Corporations, for the most part, aren't going to reinvent themselves by improving on the core competencies they've been honing for years. Instead, if they're going to change, they're going to do so from the outside in, allowing ideas from the edge of the company to penetrate to the core. Social media will be a part of that transformation.
If all this sounds too abstract, consider Xerox's Palo Alto Research Center in the 1970s. Because it was on the company's fringe, PARC had the freedom to be radical, and it came up with a lot of radical ideas, many of which have become organic to the way we all work, such as graphical user interfaces, Ethernet, WYSIWYG, SmallTalk, and laser printing.
The challenge at PARC was that the company's core could be resistant to ideas from the edge, so some of those beautiful concepts went nowhere at Xerox.
But the business environment has changed in fundamental ways since then, and ideas from the edge have a much better chance of surviving. For one thing, we've got the cloud. Cloud computing means that small, idea-driven operations don't have to invest in building their own computing infrastructures. For a pretty reasonable cost, they can tap into processing speeds and storage capabilities that would have been unimaginable a few decades ago. They can use these resources to efficiently build prototypes, and when they've got something that works, they can also use the cloud to reach out to the marketplace. So they can do a lot on their own — they're nowhere near as dependent on the core as edge operations used to be.
As a result, some corporations are seeing a lot of exciting things happening on the edge. For example, Amazon Web Services offers cloud-based application services; P&G's Connect + Develop programs for encouraging external innovation partnerships are becoming a vital part of the company's growth strategy; and Microsoft's Xbox has become a platform for delivering a range of entertainment products.

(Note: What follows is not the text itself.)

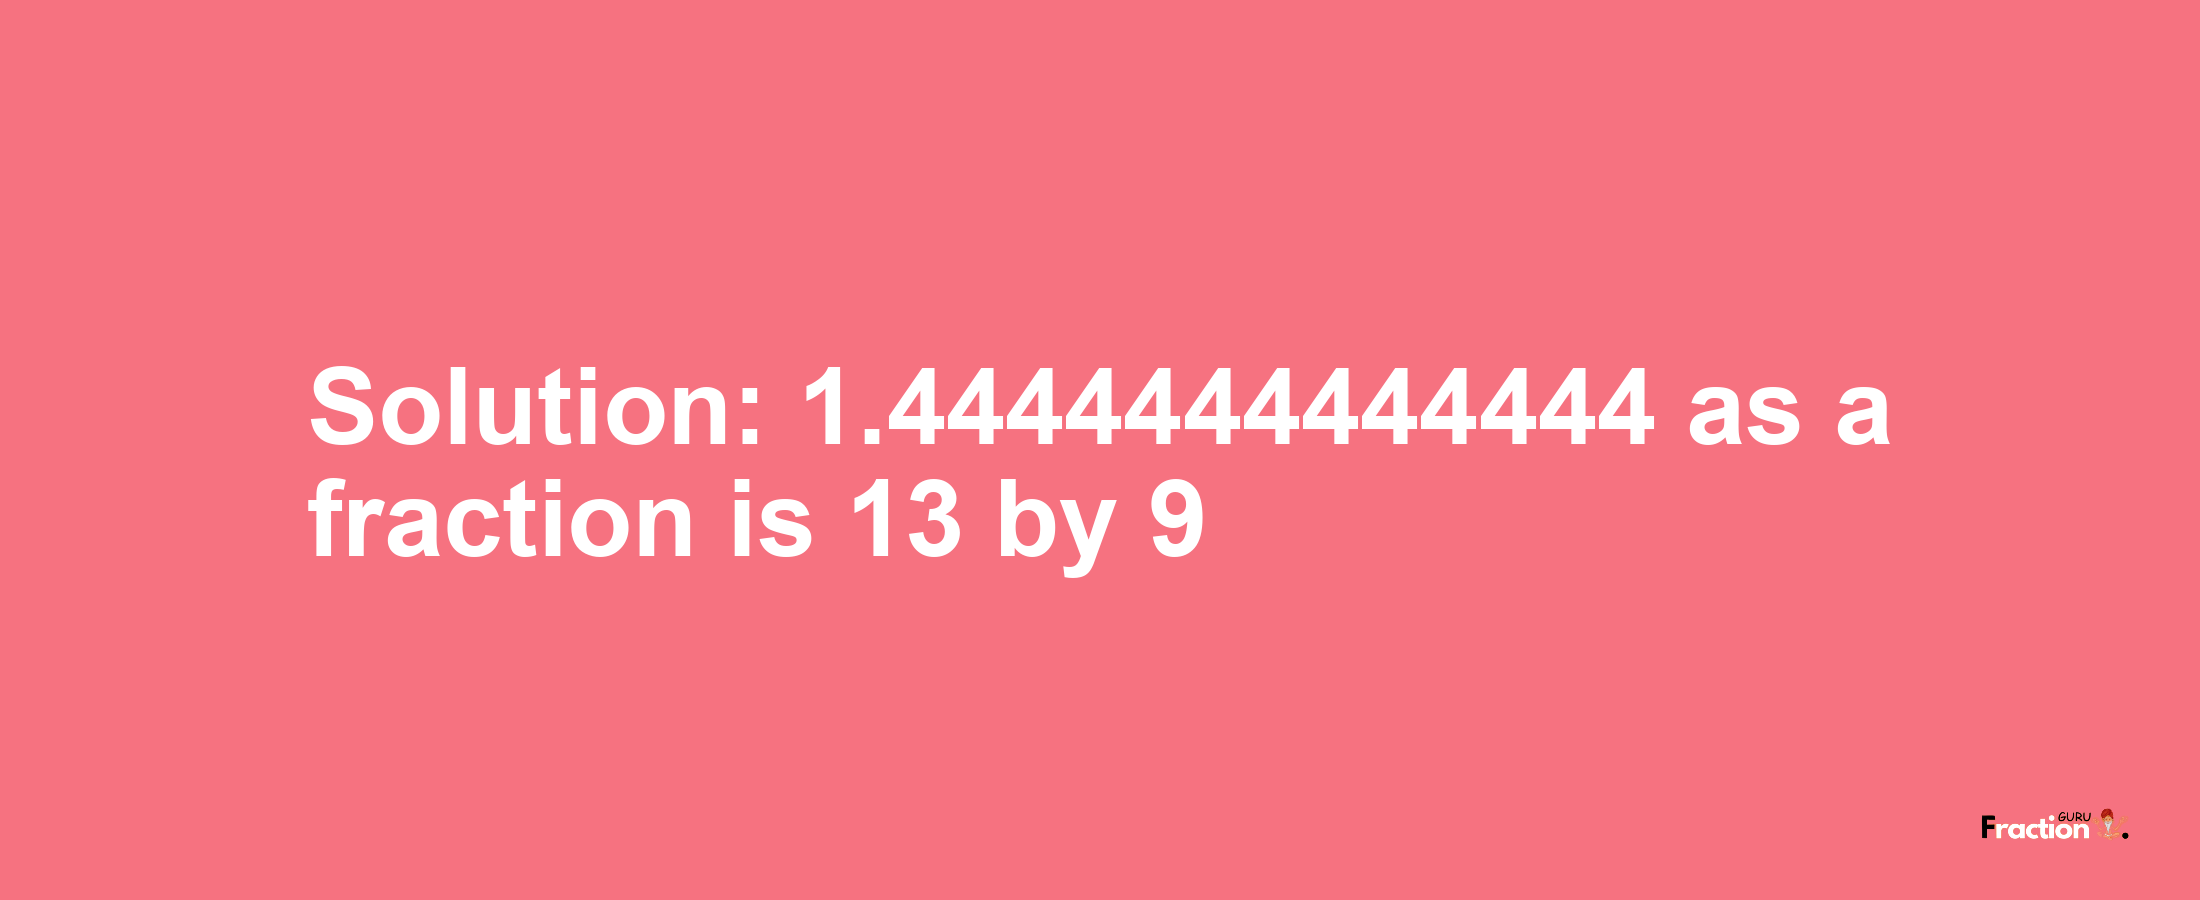 Solution:1.4444444444444 as a fraction is 13/9

Fringe operations are attracting a lot of attention — and people — from the core. That's a trend that will only strengthen as companies realize the value of edge businesses.
Where does social media come in? Edge operations can use social-media platforms such as Facebook and Twitter to engage the people at the core as well as to connect to other edge operations within the corporation — and even to edge companies at other companies. I believe that social media will help create an ecosystem of edge organizations and their parent companies. To get a sense of what this might look like, think of IBM's Jams platform for collaborative innovation.
This evolution in the way companies innovate reflects a shift in nothing less than the purpose of the firm. The classical view is that the firm exists to minimize transaction costs. But John Hagel and I suspect that the firm has a new purpose — namely, to promote the development of talents and capabilities and thereby attract and retain the best in the ongoing wars for talent, and at the same time create an entrepreneurial culture that nurtures employees' questing and connecting dispositions.
That's what Google and Facebook seem to be doing. People are attracted to them because of their learning environments and because employees have the freedom to think radical thoughts. Companies like that are much more radical in their approach to innovation than academia, which is limited by the requirements of the granting agencies. I only wish other companies were as willing as Google and Facebook to move out of their comfort zones when it comes to innovation and marketing.
It's no coincidence, by the way, that some of the most innovative companies are those that are tied into social media. Social media itself is a threat to the corporate comfort zone. How many executives have you heard say that even though their companies are on Facebook and Twitter, they don't use social media themselves? The transparency and unpredictability of social media can be deeply unsettling to people who have grown up in the comfort of corporate environments.
But the more executives experiment with social media, the more they'll see how it can play a crucial part in forming the infrastructure of the new ecology of edges that will ultimately transform corporations for the future.